I checked on here before making my mind up as i was in the same position. 

I have a Nilfiisk C10, a Wolf 2.4kw genny (ebay), a scudo van with 250ltr tank and also run a george wet dry vac. Runs all of them no problems and pulls water.

I didn't have the funds for a Kranzle etc and the Nilfisk gets good reviews and its £40 if it goes pop ill get another but at the moment it works as it should with no weird noises!


----------



## WannaBd (Dec 18, 2010)

CraigQQ said:


> er... i wouldnt recommend jet washing the car while your vacumming it :lol:
> 
> surely they wont be running at the same time?

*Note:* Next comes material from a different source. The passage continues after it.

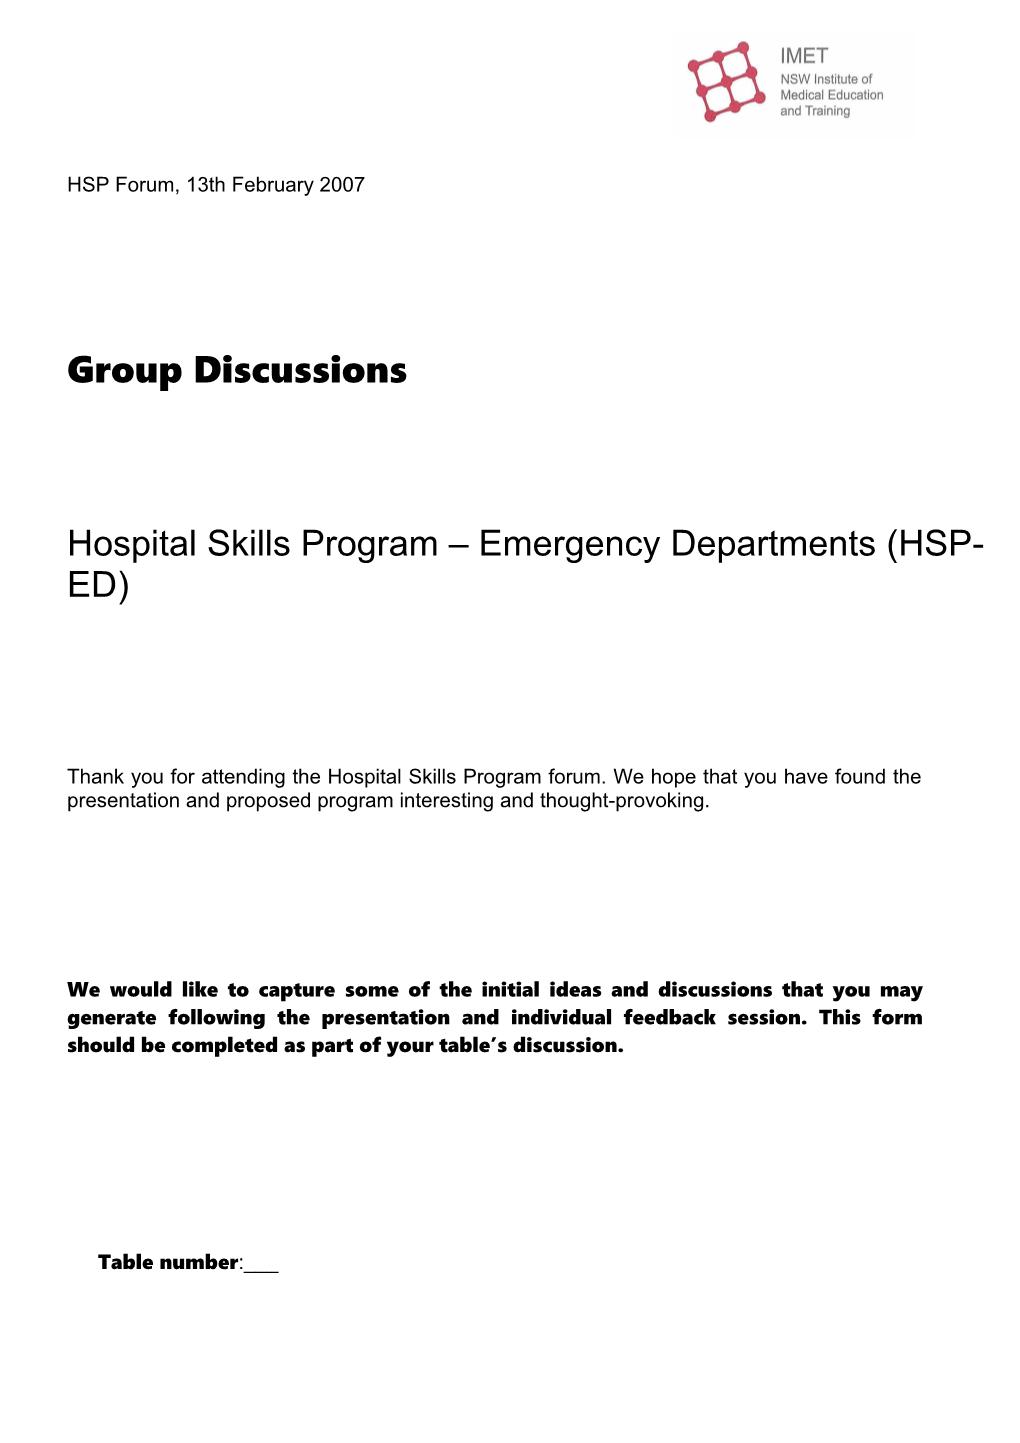 Hospital Skills Program Emergency Departments(HSP-ED)

Don't u jetwash the insides?  I meant for using it to clean another car whilst my slave nephew vacs another.


----------



## CraigQQ (Jan 20, 2011)

:lol: okay.. fair enough :lol:


----------



## wax n vax (Jun 20, 2011)

if your looking to buy a good generator or powerwasher there is a company on ebay called jetmac. he is based in northern ireland.
i bought my generator and power washer from him over 2 years ago and any parts that i needed i just give him a buzz and pick them up the next day..all good equipment at a excellent price.


----------



## WannaBd (Dec 18, 2010)

Thanks every1 for your advice :thumb:


----------



## Superspec (Feb 25, 2011)

Think you'll struggle to run a PW and 3in1 at the same time on a 2.4kw genny.


----------



## WannaBd (Dec 18, 2010)

Superspec said:


> Think you'll struggle to run a PW and 3in1 at the same time on a 2.4kw genny.


What size would you recommend? I wouldn't be running both all the time but just want to know if I can, likewise running a Henry and wet vac at same time for full valets.


----------



## Superspec (Feb 25, 2011)

WannaBd said:


> What size would you recommend? I wouldn't be running both all the time but just want to know if I can, likewise running a Henry and wet vac at same time for full valets.


Henry is 1.2kw on it's own. A wet vac will be more.

I would look at a 3kw minimum.


----------



## The_Bouncer (Nov 24, 2010)

Should be ok with a 3.4kva 2.7kw honda GX engine genny


----------



## Trucksy (Jul 17, 2011)

hi i use a range of wolf products from ebay, very good quality and never let me down, petrol jet wash, 5kw geni and 50litre comprssor. Geni can power compressor, hoover and wetvac all at once. Was intending to purchase a 3.2kw compressor but was advised that on start up a wetvac uses almost twice its standard current.

hope this helps

good luck


----------